# Logic of Group Formation in Group Normalization

For my purposes I want to apply Group Normalization to three specific channel groups of a tensor. This groups are contiguous so for a Tensor with dimensions (N,C,H,W). Group 1 would be (N, : C /3,H,W), Group 2 (N, C/3: 2C/3, H,W) and Group 3 (N; 2C/3 : C, H , W). I tried looking in the code base but did not find what the logic of group creation is.

Can someone explain to me the logic for the formation of groups in GroupNorm? Does it match my contiguous scenario?

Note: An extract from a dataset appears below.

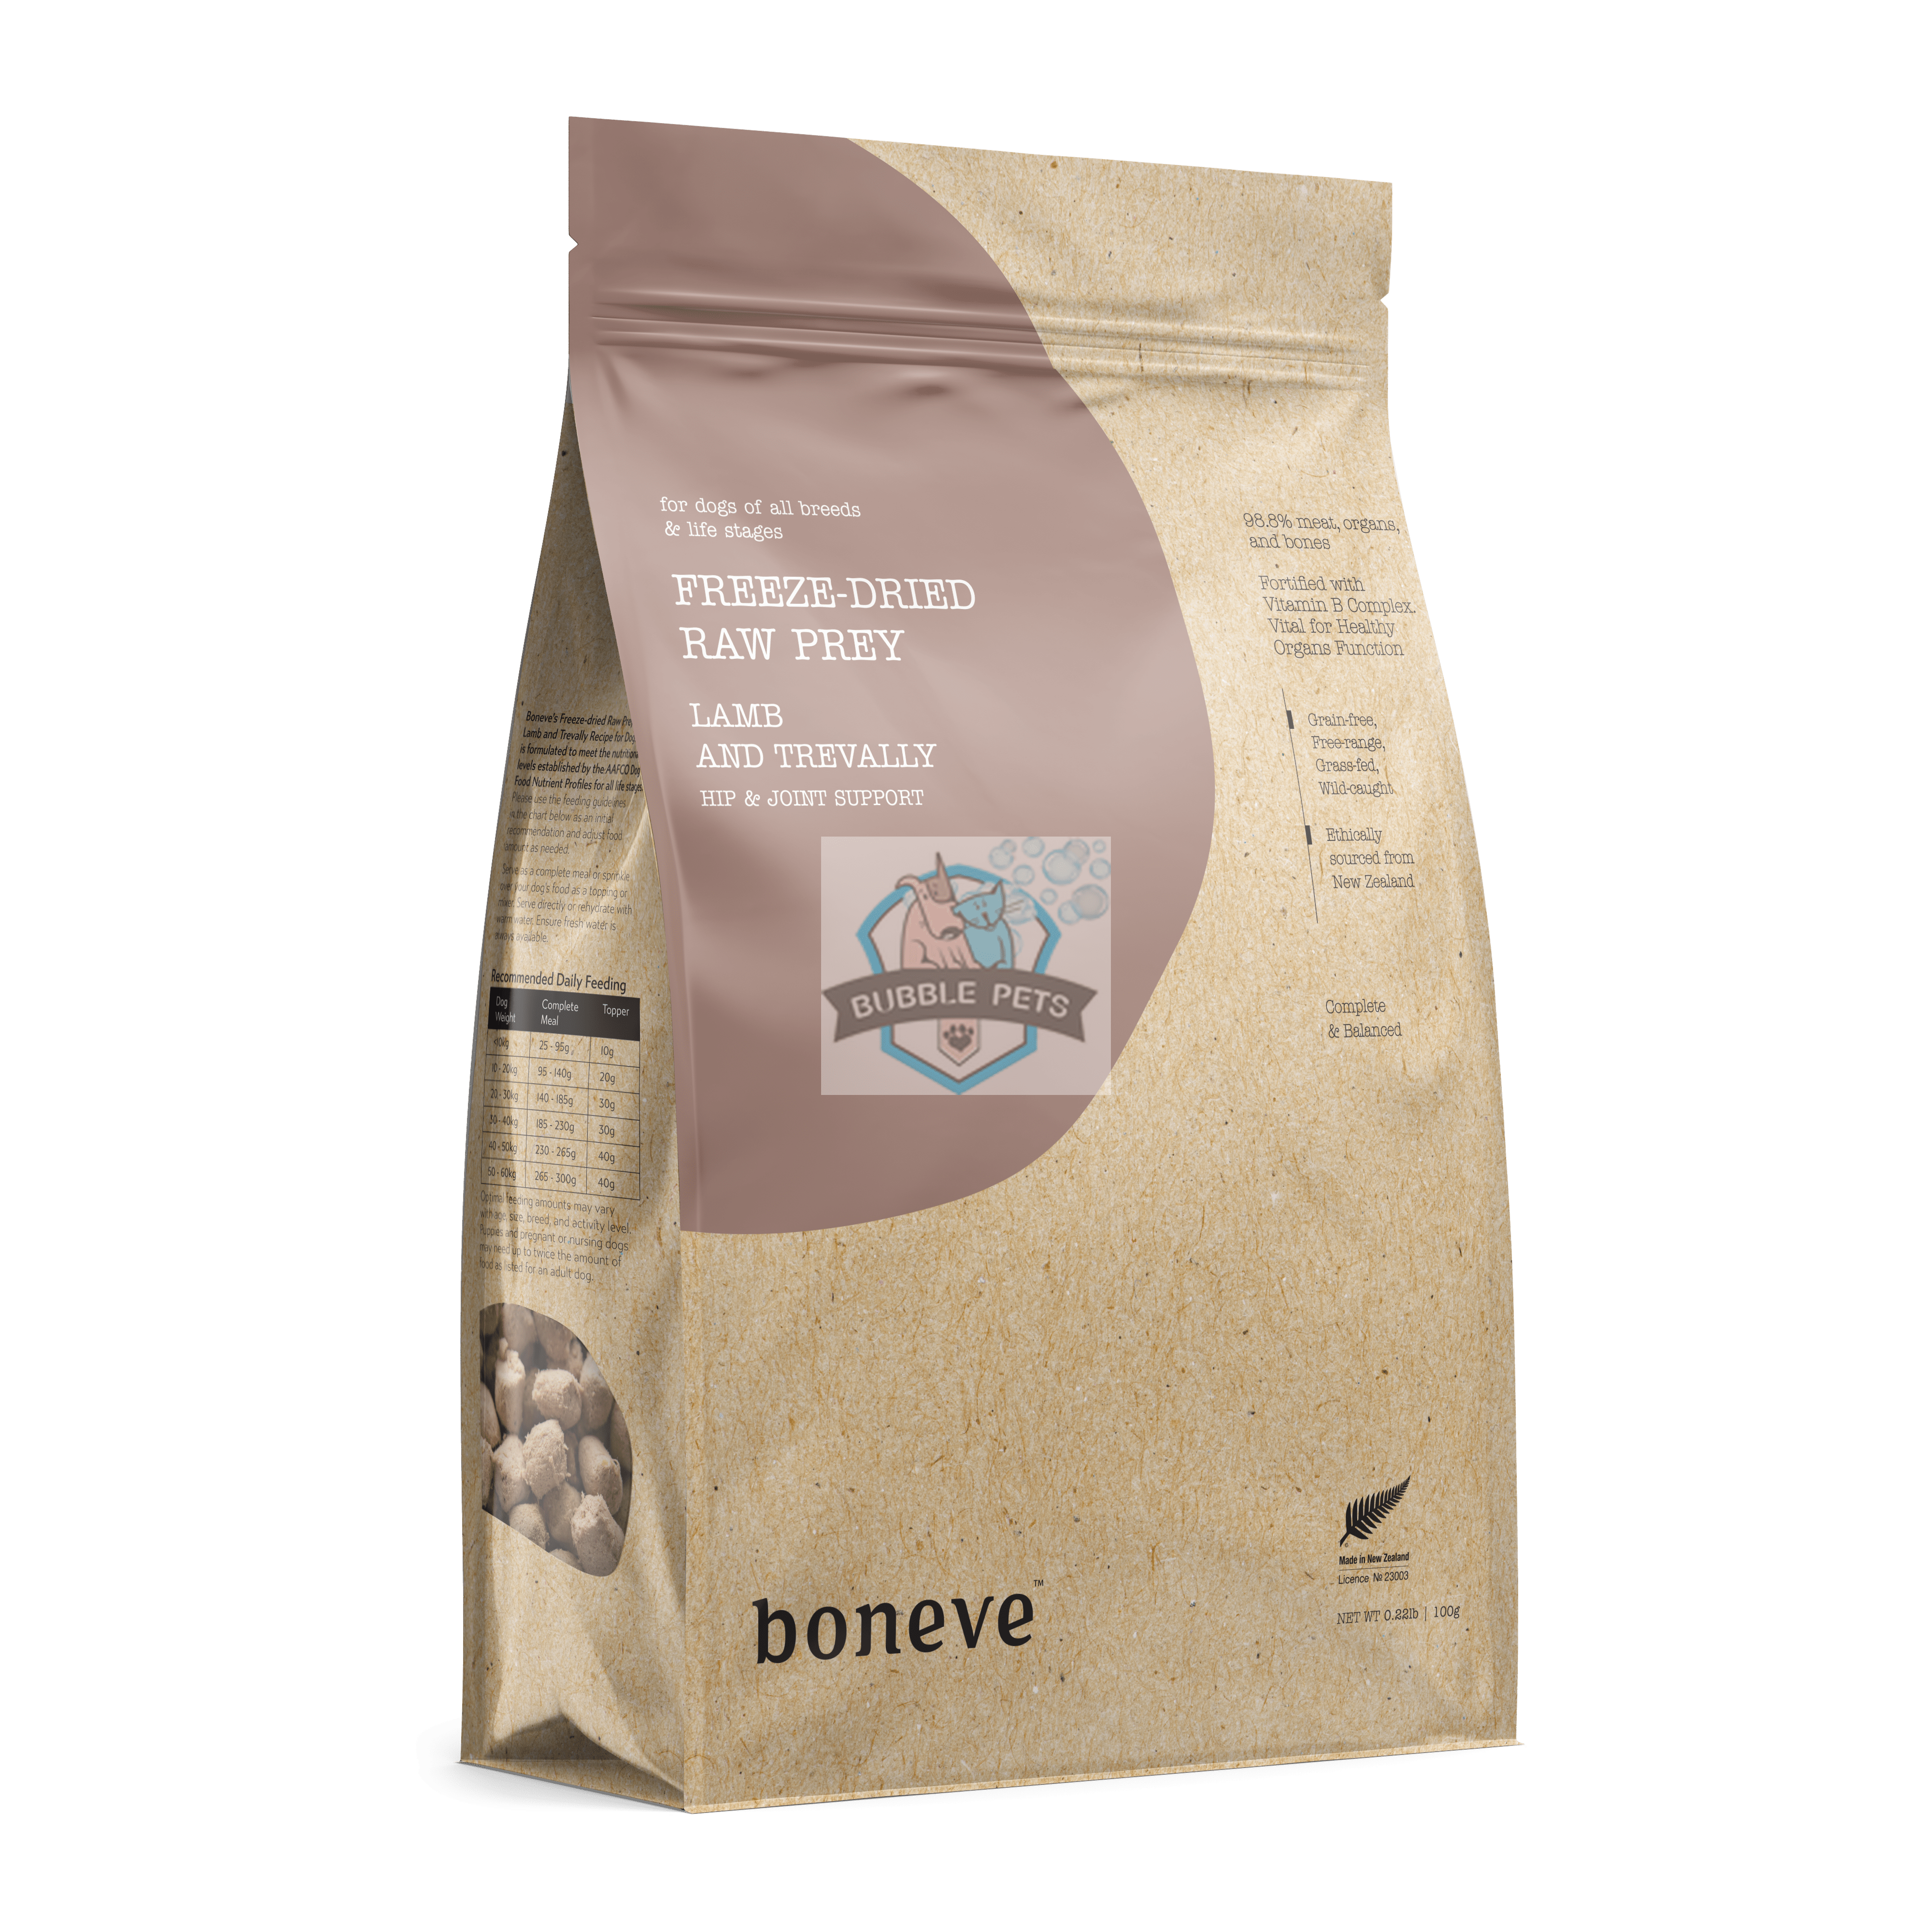 PROMO: ANY 2 FOR $105 Boneve Freeze Dried Food 340g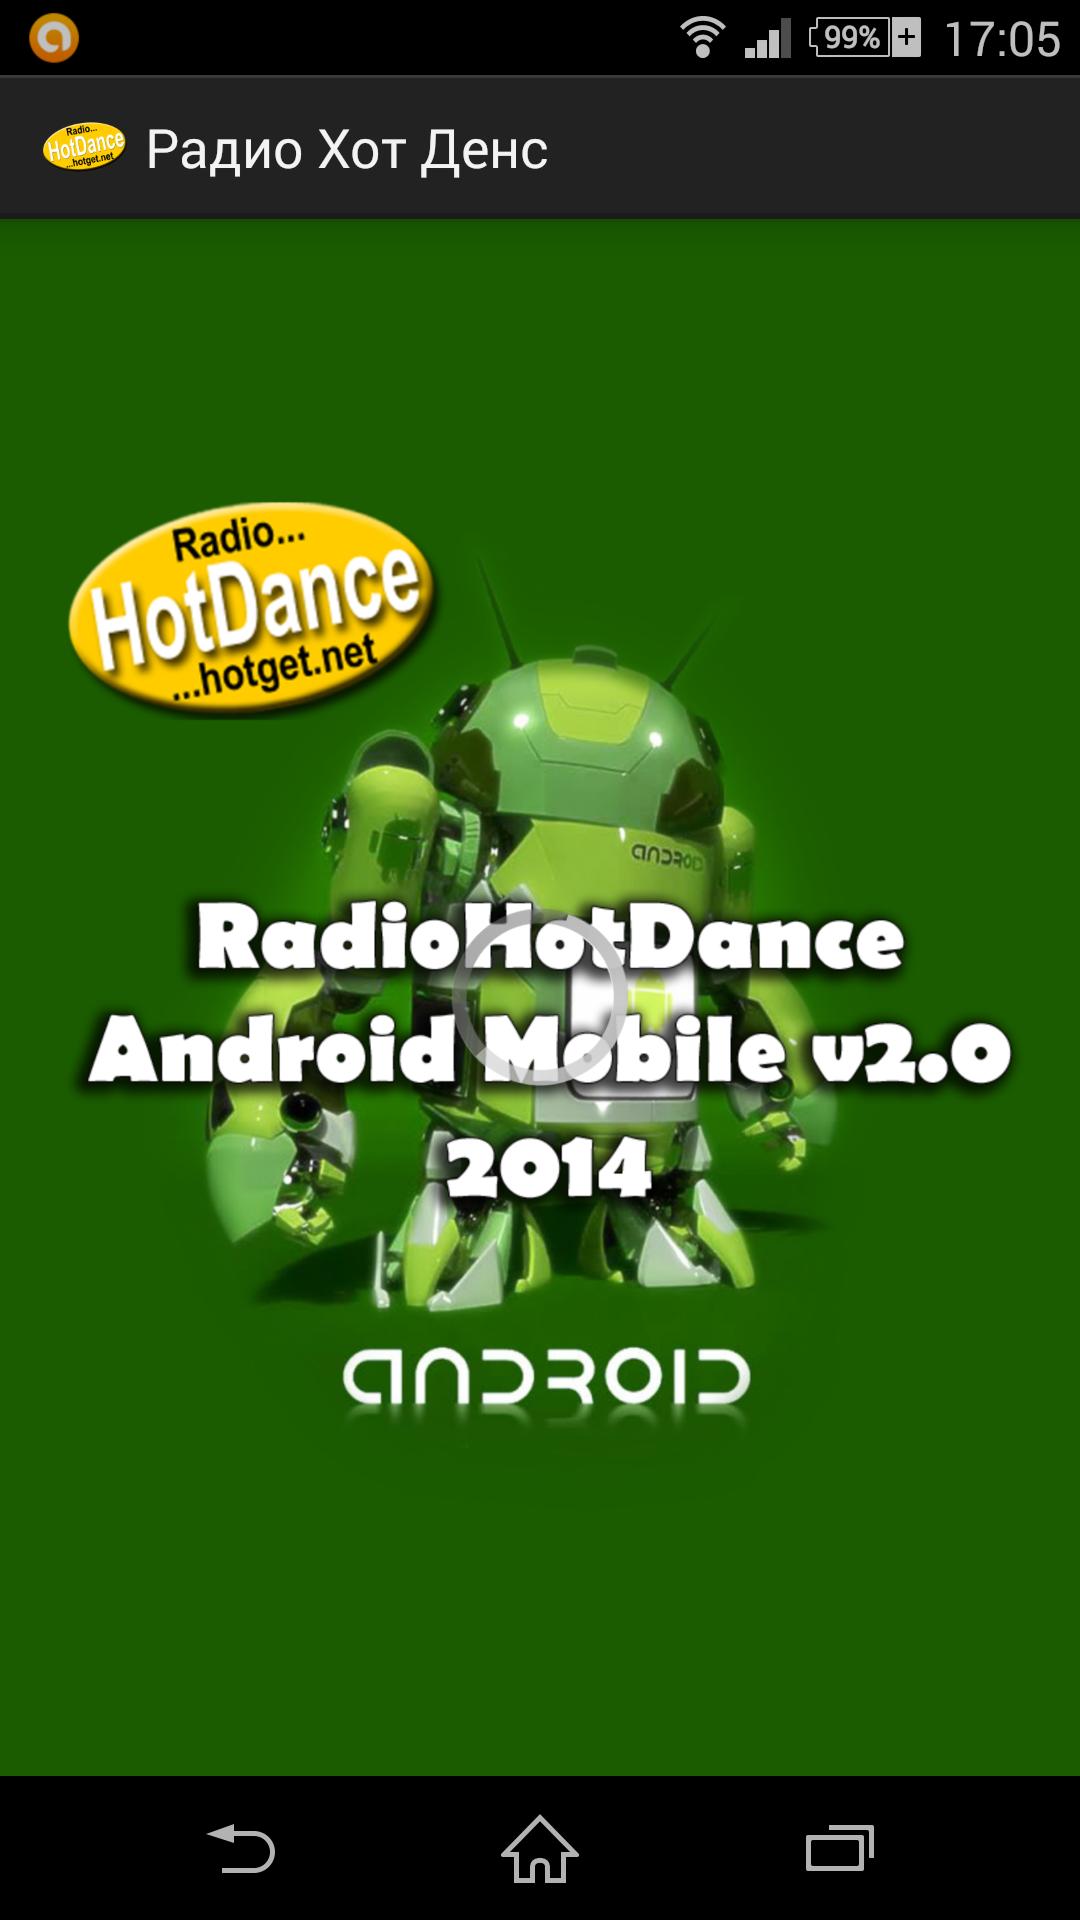 Radio Hot Dance for Android - APK Download

Your assumption seems to be correct based on this small experiment:

N, H, W = 16, 224, 224

# increasing groups
norm = nn.GroupNorm(num_groups=3, num_channels=6)
x = torch.cat((
torch.randn(N, 2, H, W) * 2 + 5,
torch.randn(N, 2, H, W) * 4 + 10,
torch.randn(N, 2, H, W) * 6 + 15,
), dim=1)

out = norm(x)
for i, o in enumerate(out.split(1, dim=1)):
print("channel {}: mean: {:.5f}, {:.5f}".format(i, o.mean(), o.std()))
> channel 0: mean: 0.00021, 0.99910
channel 1: mean: -0.00021, 1.00089
channel 2: mean: -0.00071, 0.99964
channel 3: mean: 0.00071, 1.00036
channel 4: mean: -0.00172, 1.00064
channel 5: mean: 0.00172, 0.99936

# mix channels
norm = nn.GroupNorm(num_groups=3, num_channels=6)
x = torch.cat((
torch.randn(N, 1, H, W) * 2 + 5,
torch.randn(N, 1, H, W) * 1/2 - 5,
torch.randn(N, 1, H, W) * 4 + 10,
torch.randn(N, 1, H, W) * 1/4 - 10,
torch.randn(N, 1, H, W) * 6 + 15,
torch.randn(N, 1, H, W) * 1/6 - 15,
), dim=1)

out = norm(x)
for i, o in enumerate(out.split(1, dim=1)):
print("channel {}: mean: {:.5f}, {:.5f}".format(i, o.mean(), o.std()))
> channel 0: mean: 0.96000, 0.38414
channel 1: mean: -0.96000, 0.09611
channel 2: mean: 0.96217, 0.38453
channel 3: mean: -0.96217, 0.02406
channel 4: mean: 0.96211, 0.38544
channel 5: mean: -0.96211, 0.01068

As you can see, the first approach gives a standardized (zero mean, unit variance) output per channel, while the second approach using the mixed stats does not.

Thank you for your reply. Yes, it seems almost certain the group formation is done for contiguous channels.